Material provided:
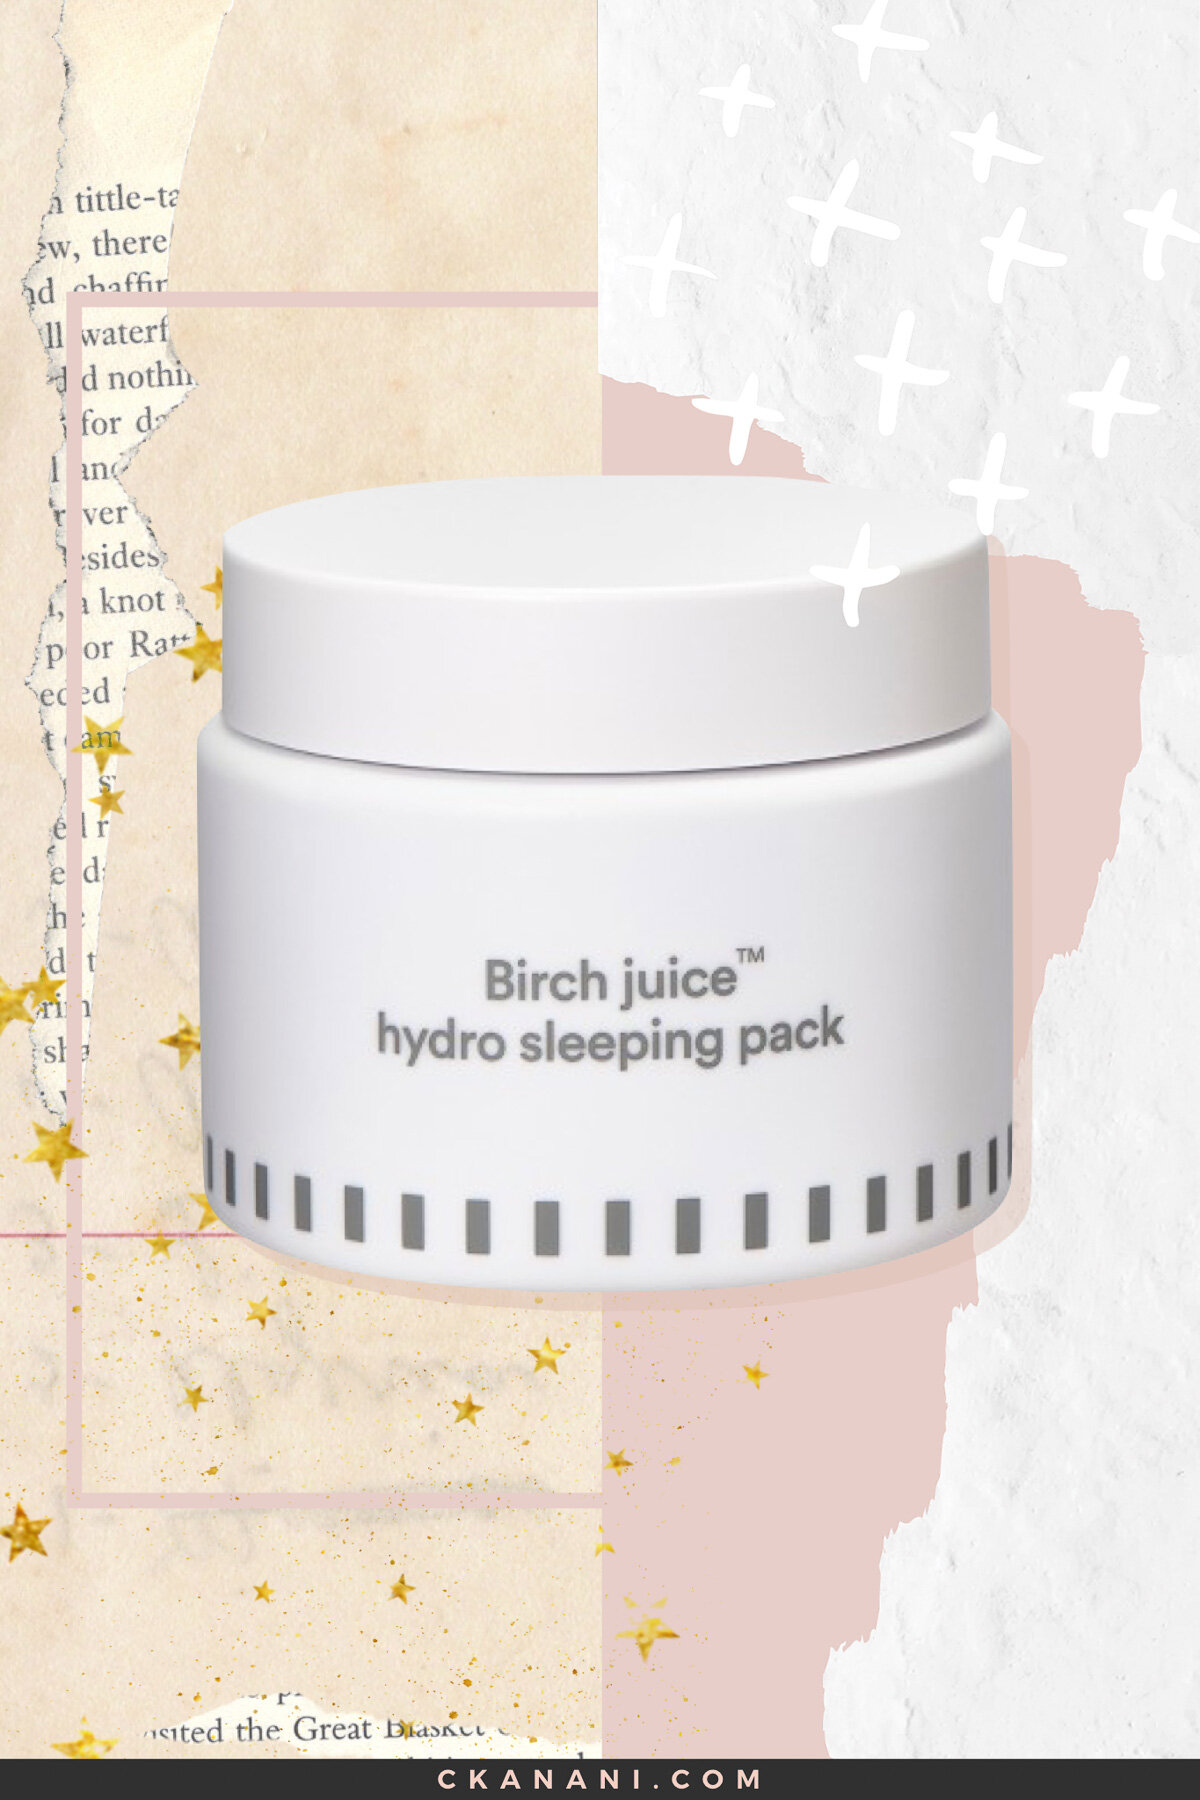 Enature Birch Juice Hydro Sleeping Pack: The Best Face Masks
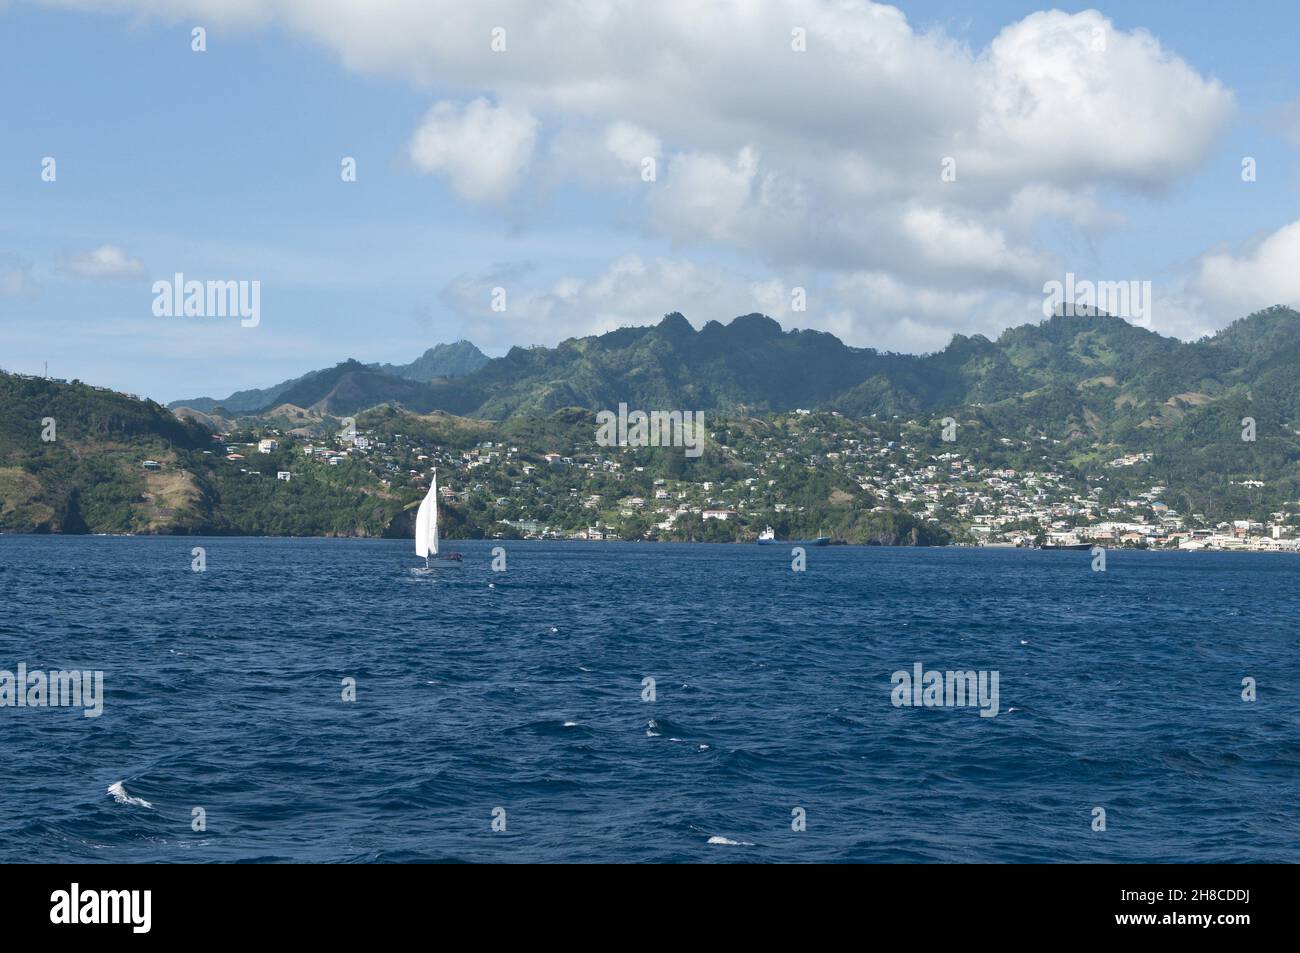 view of Kingstown Harbour from the sea, Saint Vincent and the Grenadines, Kingstown Stock Photo
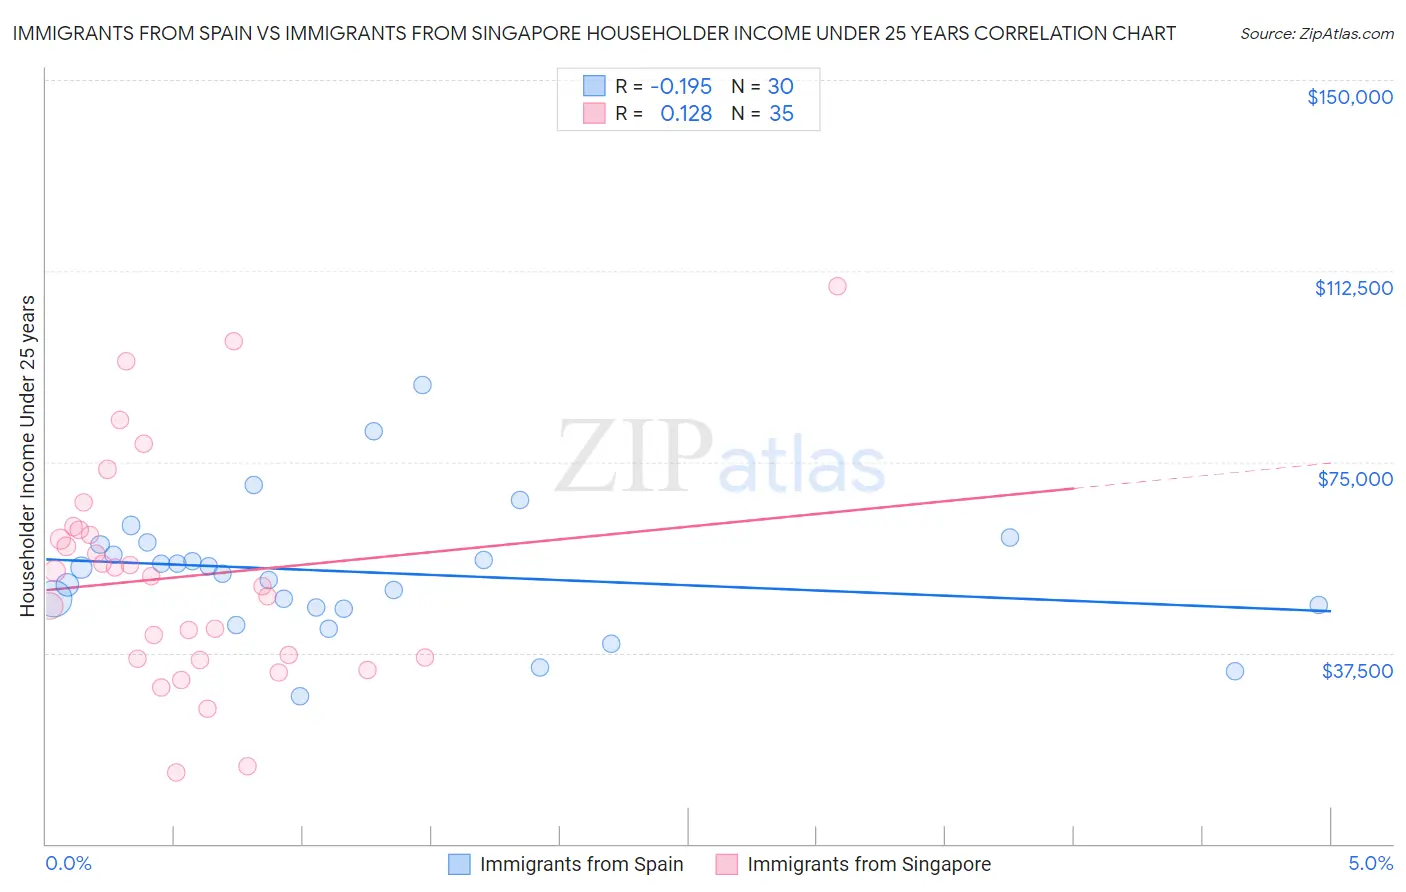 Immigrants from Spain vs Immigrants from Singapore Householder Income Under 25 years
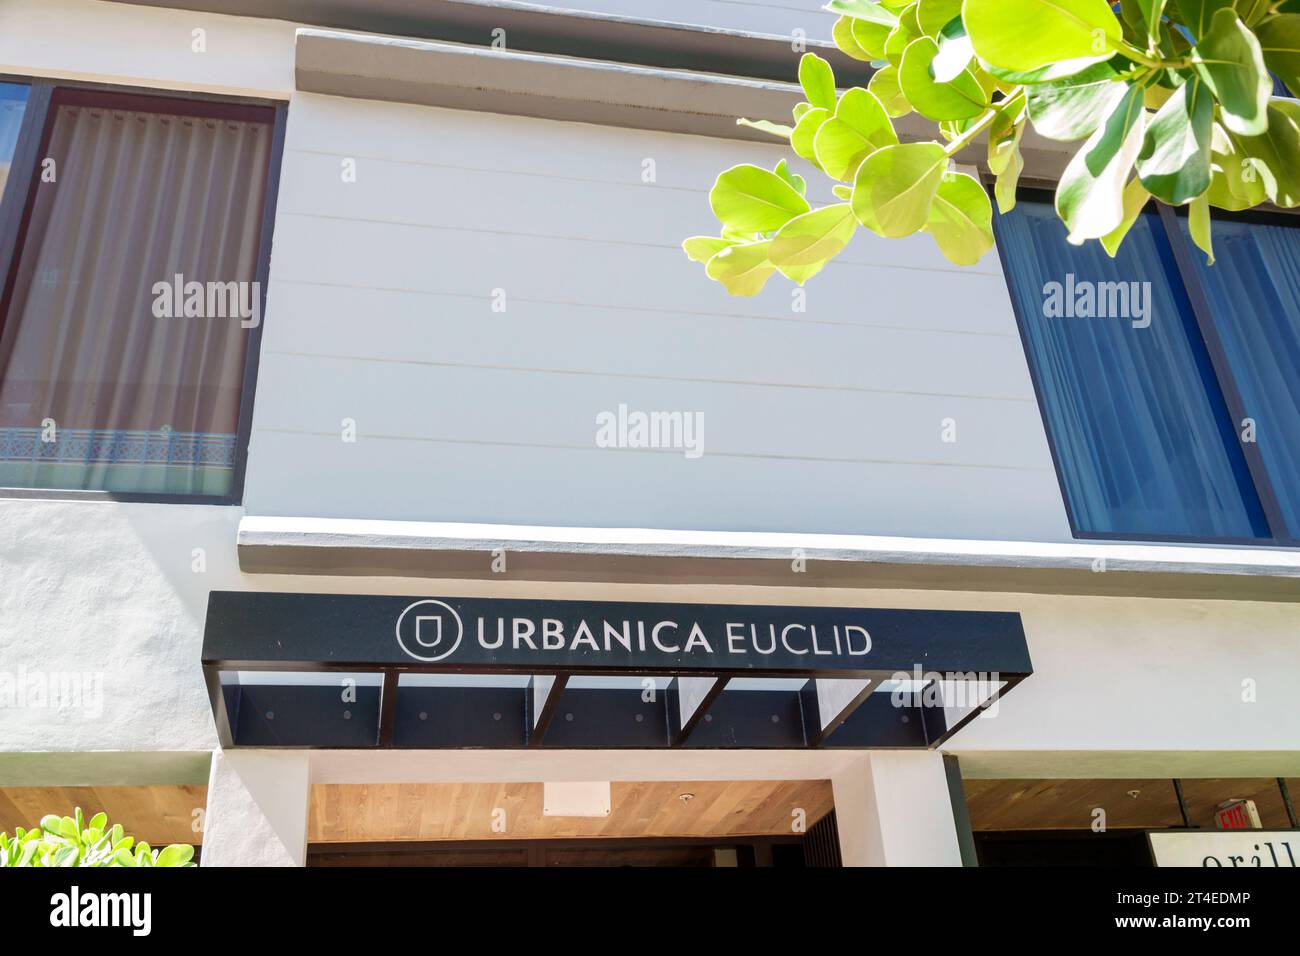 Miami Beach Florida,outside exterior,building front entrance hotel,Urbanica Euclid Hotel sign,hotels motels businesses Stock Photo

How to complete this task: Go through the material and set it down again exactly, but without any pictures.

Task result:
 Enature Birch Juice Hydro Sleeping Pack: The Best Face Masks
 view of Kingstown Harbour from the sea, Saint Vincent and the Grenadines, Kingstown Stock Photo
 Immigrants from Spain vs Immigrants from Singapore Householder Income Under 25 years
 Miami Beach Florida,outside exterior,building front entrance hotel,Urbanica Euclid Hotel sign,hotels motels businesses Stock Photo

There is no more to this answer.